France's industrial production declined at the fastest pace in four months in June, the statistical office Insee reported Thursday.

Industrial output fell by more-than-expected 1.1 percent month-on-month in June, reversing a 1.9 percent rise in May. This was the biggest contraction since February, when it was down by 1.7 percent. Output was forecast to drop 0.6 percent.

UK industrial production grew more than expected in June largely due to higher oil and gas output, data from the Office for National Statistics revealed Thursday. Industrial output expanded 0.5 percent on a monthly basis, after staying flat in May. Output was forecast to grow 0.1 percent.

The UK visible trade deficit widened to a 9-month high in June, the Office for National Statistics reported Thursday. Trade in goods resulted in a shortfall of GBP 12.72 billion in June compared to GBP 11.31 billion deficit in May.

This was the largest shortfall since September 2016. Economists had forecast the deficit to narrow to GBP 11 billion.

The house price balance in the United Kingdom came in with a score of +1 in July, the Royal Institution of Chartered Surveyors said on Thursday. That was well shy of forecasts for a score of +9, and down sharply from +7 in June.

First-time claims for U.S. unemployment benefits unexpectedly edged higher in the week ended August 5th, according to a report released by the Labor Department on Thursday. The report said initial jobless claims crept up to 244,000, an increase of 3,000 from the previous week's revised level of 241,000.

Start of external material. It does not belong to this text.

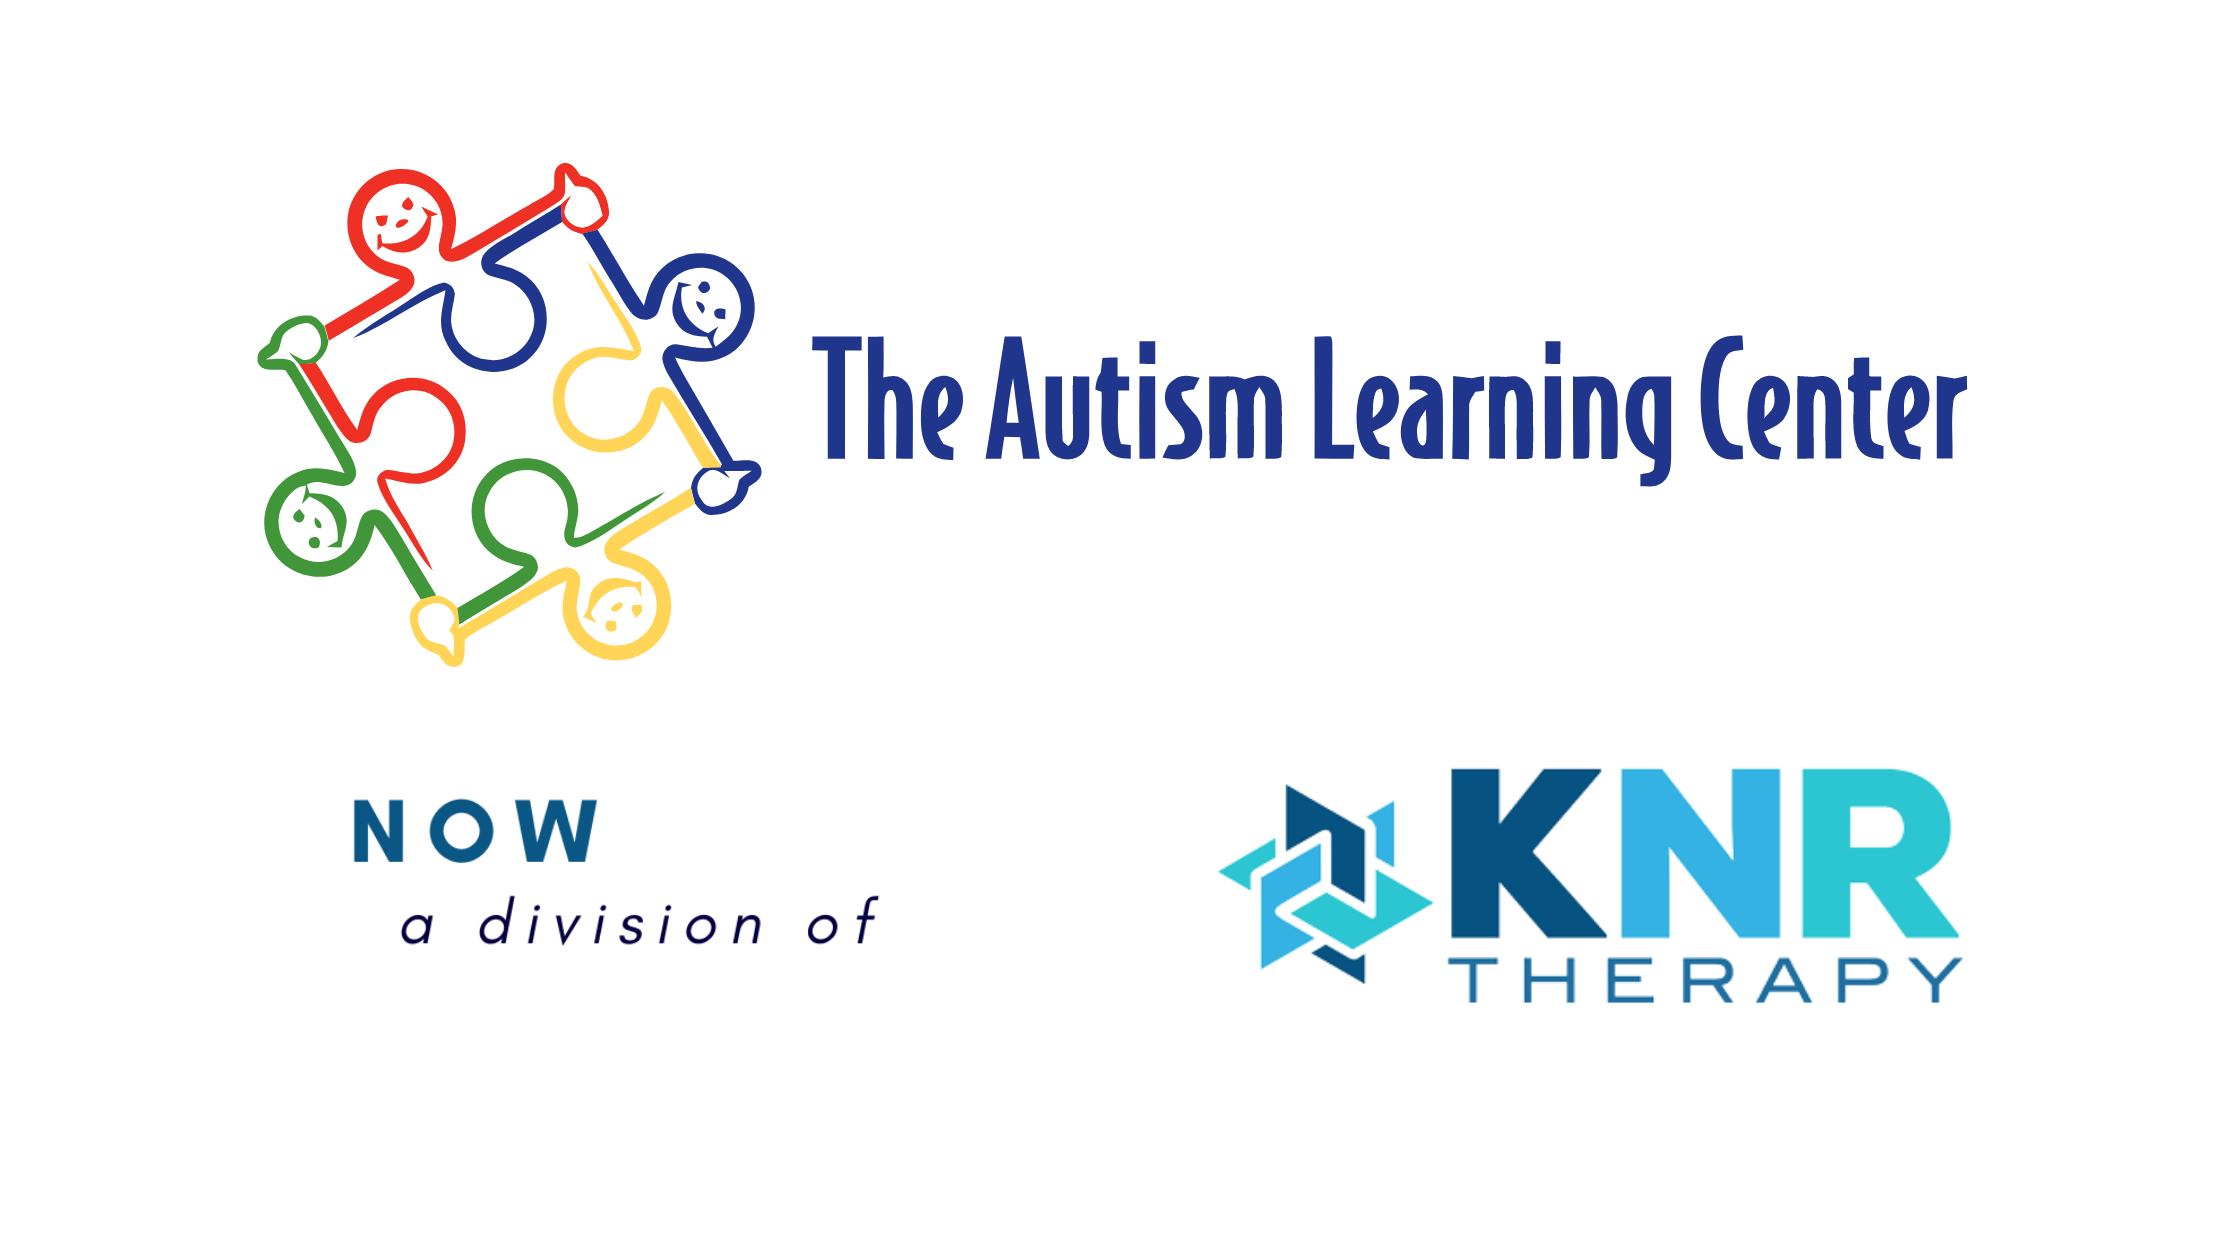 Florida-based KNR Therapy Announces Merger with Georgia-based Autism Learning Center

The uptick came as a surprise to economists, who had expected jobless claims to come in unchanged compared to the 240,000 originally reported for the previous week.

Reflecting a drop in prices for services, the Labor Department released a report on Thursday showing an unexpected decrease in U.S. producer prices in the month of July. The Labor Department said its producer price index for final demand edged down by 0.1 percent in July after inching up by 0.1 percent in June. Economists had expected another 0.1 percent uptick.